The problem —
Skip the pictures and give back the rest of the listing exactly.

Information supplied —
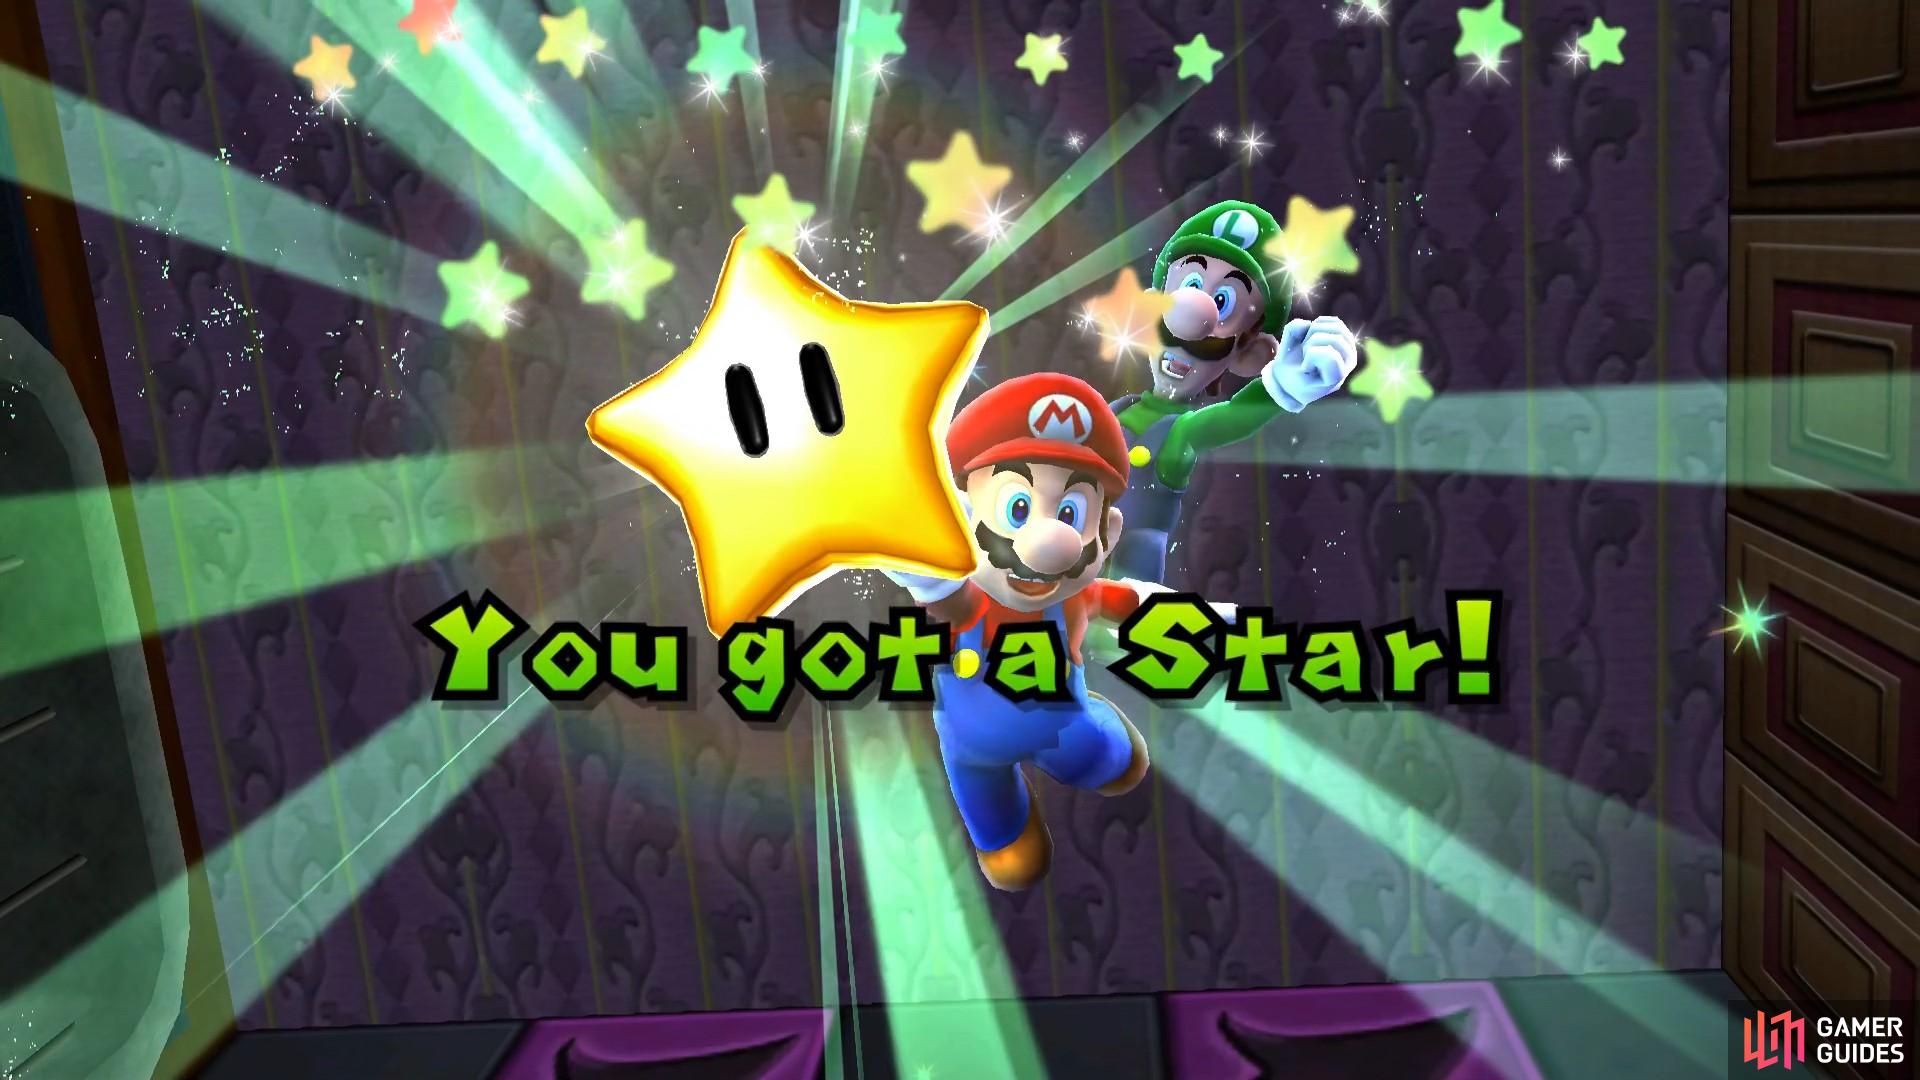 Get to Luigi and he will give you a Power Star!
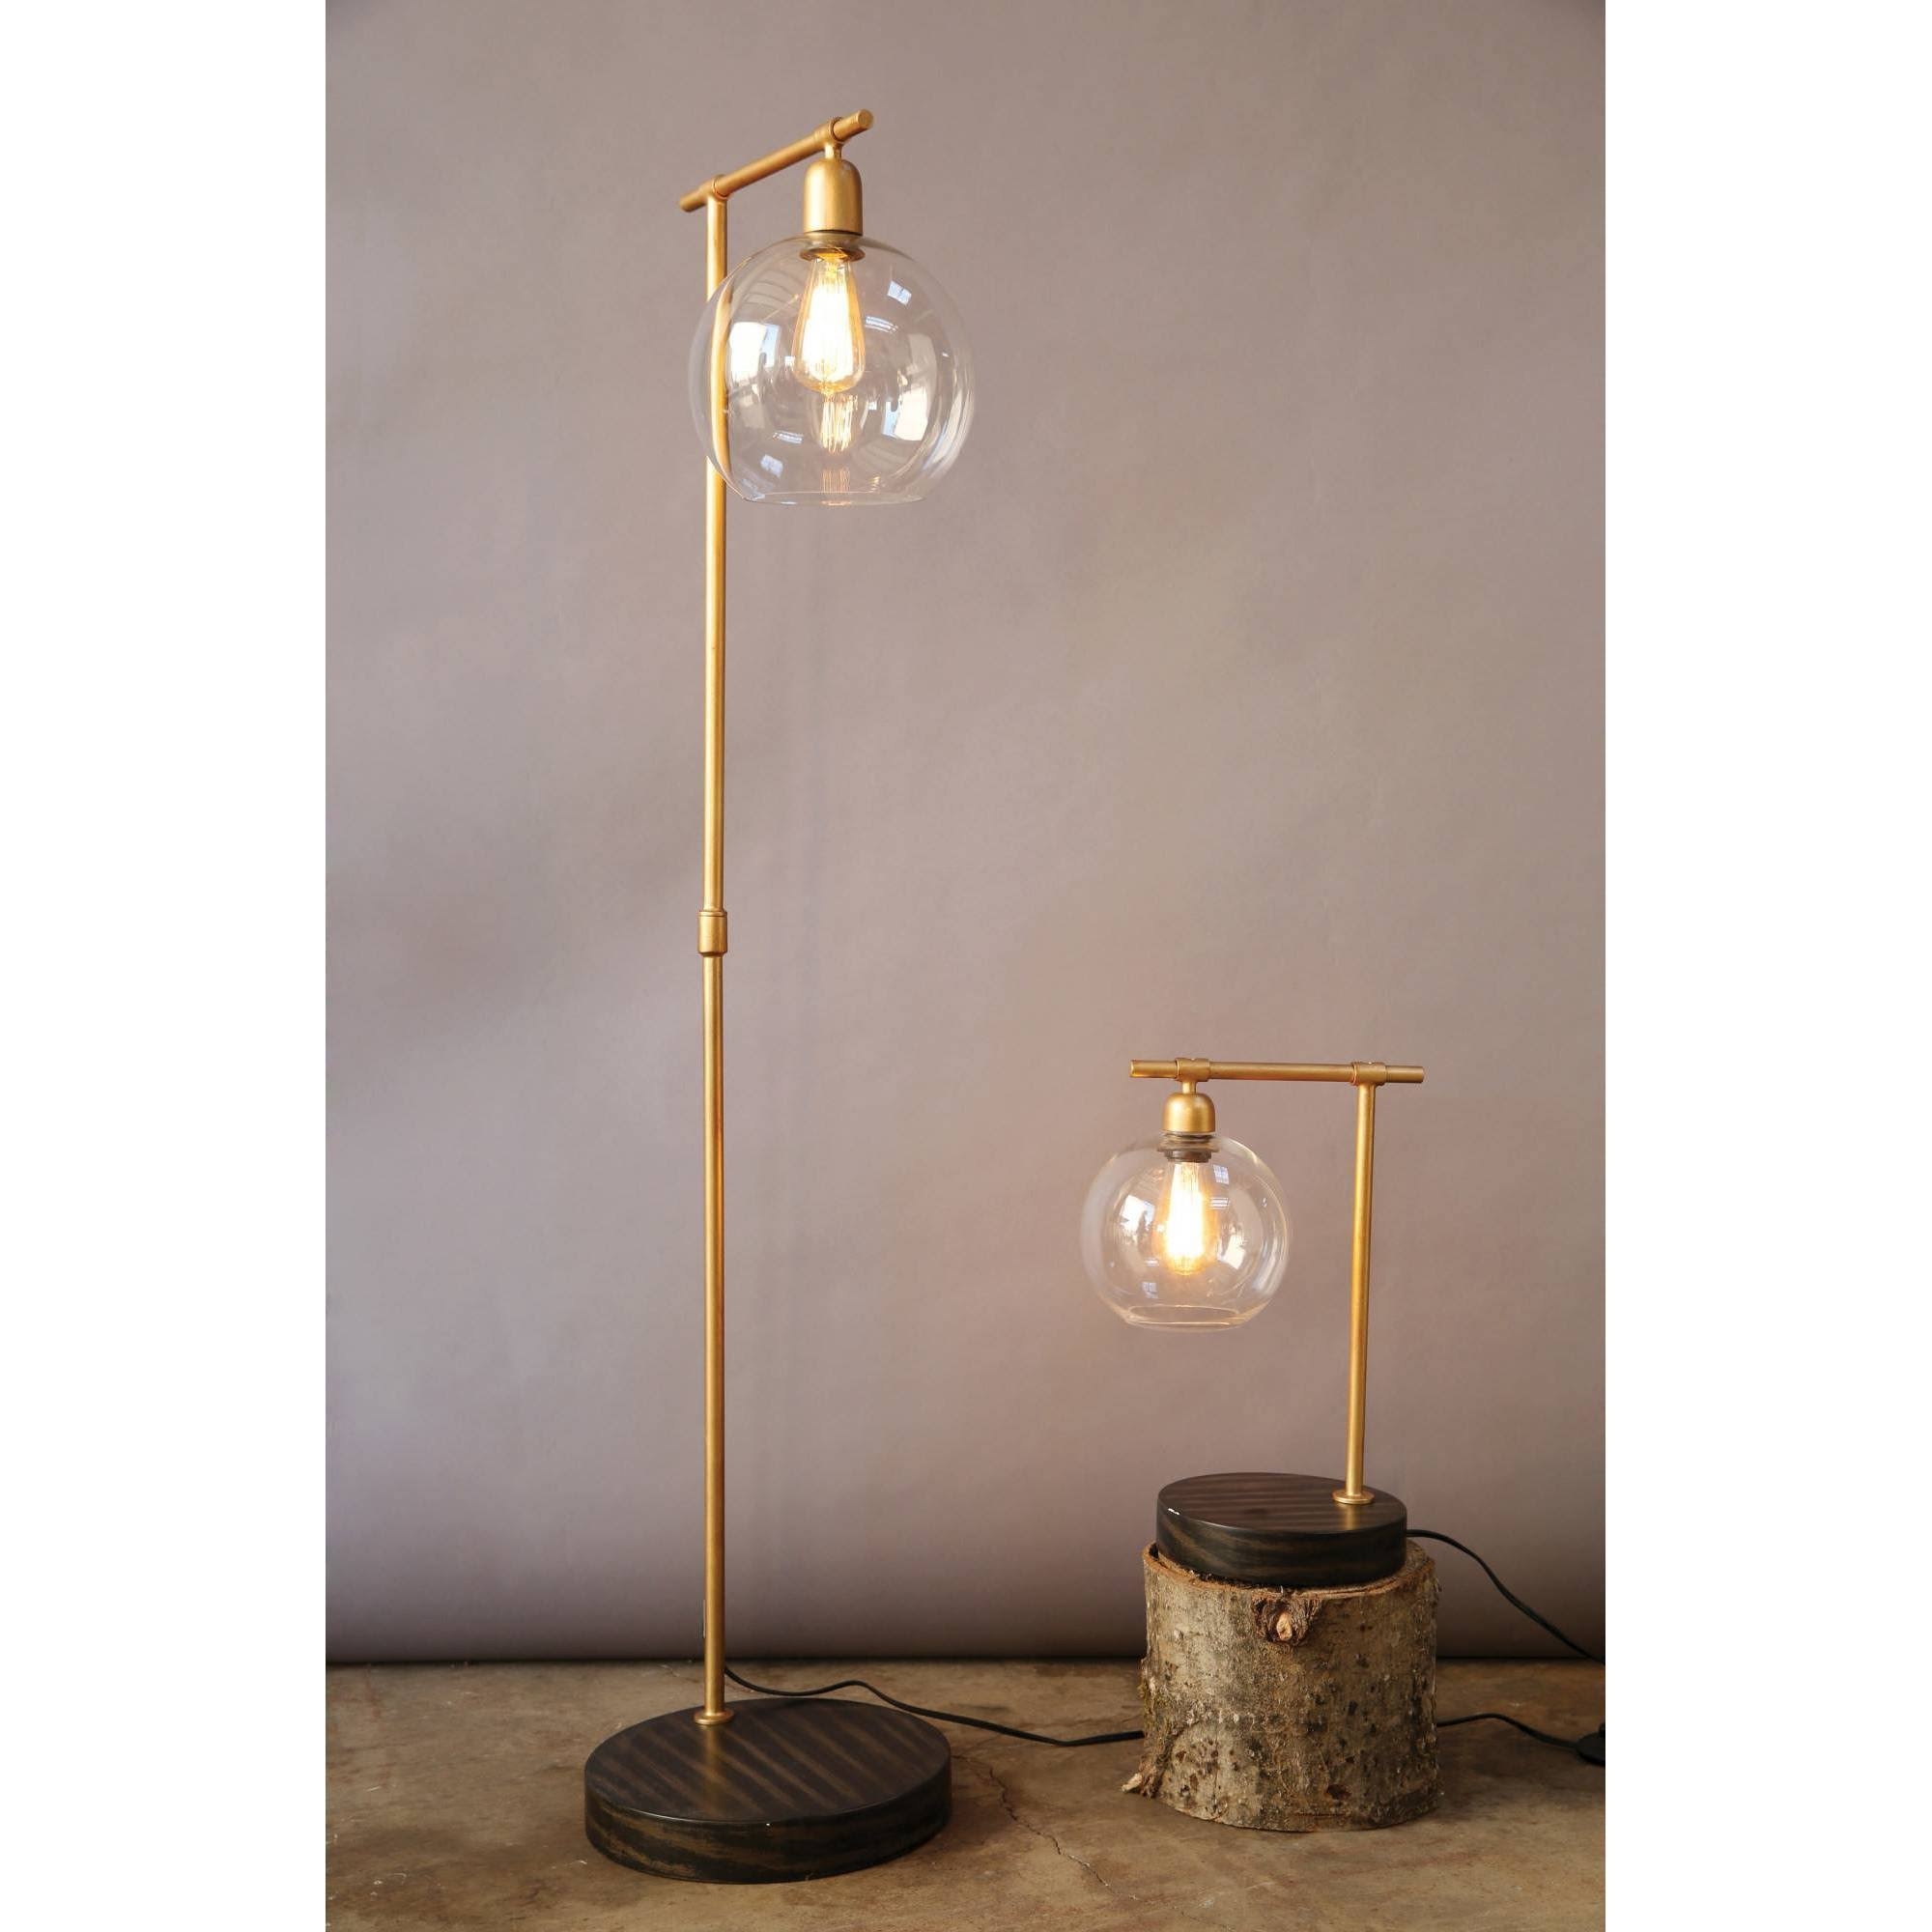 Metal & Wood Floor Lamp with Gold Finish and Glass Globe Shade - Image 1
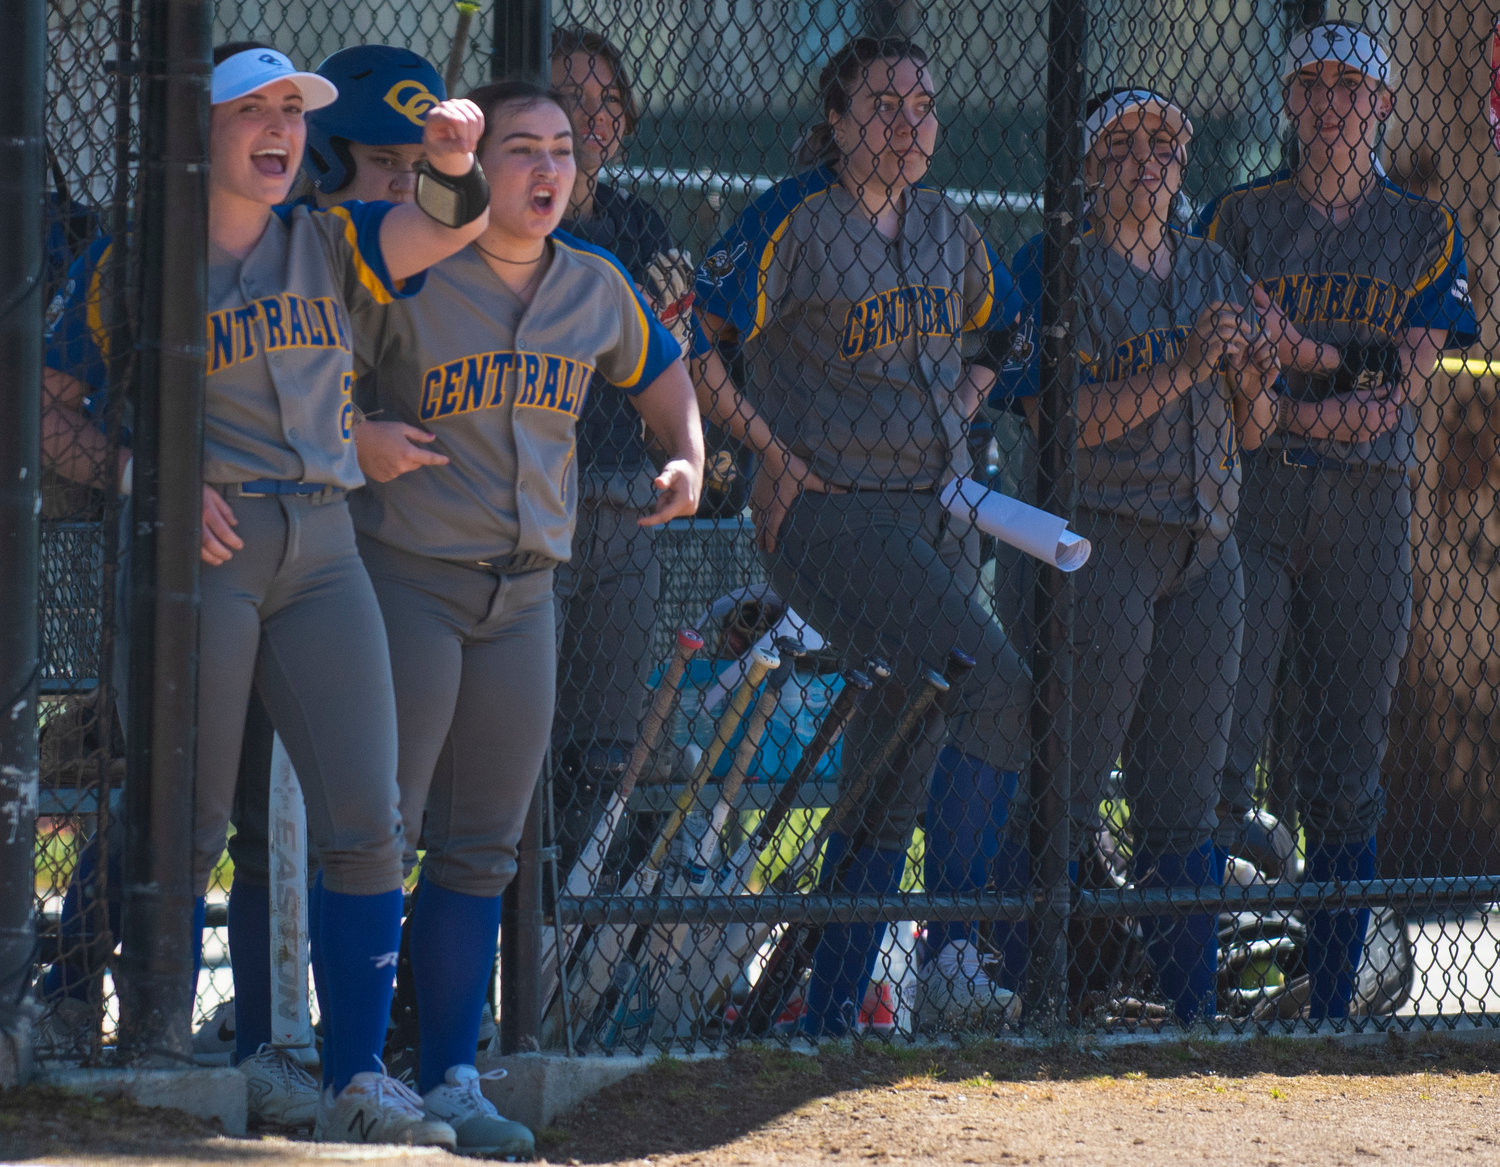 Centralia College players cheer from the dugout during their game against Lower Columbia on Monday.

Expected answer —
 Get to Luigi and he will give you a Power Star!
 Metal & Wood Floor Lamp with Gold Finish and Glass Globe Shade - Image 1
 Centralia College players cheer from the dugout during their game against Lower Columbia on Monday.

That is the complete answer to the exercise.